[Task item]:
Starting at the first line of the data below, write out each line exactly until you reach the line containing "Schloss Schoenbrunn, Austria", and include that line too.

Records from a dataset
%%
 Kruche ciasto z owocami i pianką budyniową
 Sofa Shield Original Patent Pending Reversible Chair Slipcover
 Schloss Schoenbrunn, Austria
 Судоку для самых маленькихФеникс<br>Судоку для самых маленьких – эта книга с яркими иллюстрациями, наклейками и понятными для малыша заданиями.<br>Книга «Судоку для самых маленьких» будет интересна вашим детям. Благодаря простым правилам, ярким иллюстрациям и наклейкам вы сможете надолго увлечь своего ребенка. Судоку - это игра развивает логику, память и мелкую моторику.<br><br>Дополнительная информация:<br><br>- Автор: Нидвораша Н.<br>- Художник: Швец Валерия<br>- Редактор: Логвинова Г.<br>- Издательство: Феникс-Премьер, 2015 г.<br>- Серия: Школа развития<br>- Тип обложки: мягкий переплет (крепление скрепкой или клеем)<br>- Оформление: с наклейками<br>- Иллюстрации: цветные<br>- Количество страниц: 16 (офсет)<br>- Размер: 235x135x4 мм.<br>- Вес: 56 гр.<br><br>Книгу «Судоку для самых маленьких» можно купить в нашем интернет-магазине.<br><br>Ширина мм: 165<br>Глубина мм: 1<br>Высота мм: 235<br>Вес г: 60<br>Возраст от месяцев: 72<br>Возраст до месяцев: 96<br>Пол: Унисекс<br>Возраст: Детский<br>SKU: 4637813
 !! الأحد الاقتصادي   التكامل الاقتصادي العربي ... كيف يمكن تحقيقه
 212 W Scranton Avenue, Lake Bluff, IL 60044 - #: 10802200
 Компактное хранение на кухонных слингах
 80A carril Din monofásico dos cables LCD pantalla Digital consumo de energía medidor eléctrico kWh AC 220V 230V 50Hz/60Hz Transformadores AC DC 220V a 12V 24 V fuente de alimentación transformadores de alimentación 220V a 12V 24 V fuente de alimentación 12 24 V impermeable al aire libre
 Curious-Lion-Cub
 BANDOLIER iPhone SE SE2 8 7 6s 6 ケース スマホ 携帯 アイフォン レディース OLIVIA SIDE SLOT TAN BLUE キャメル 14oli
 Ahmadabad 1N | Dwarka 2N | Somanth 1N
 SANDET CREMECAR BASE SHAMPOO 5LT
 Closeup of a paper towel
%%
[Solved exercise]:
 Kruche ciasto z owocami i pianką budyniową
 Sofa Shield Original Patent Pending Reversible Chair Slipcover
 Schloss Schoenbrunn, Austria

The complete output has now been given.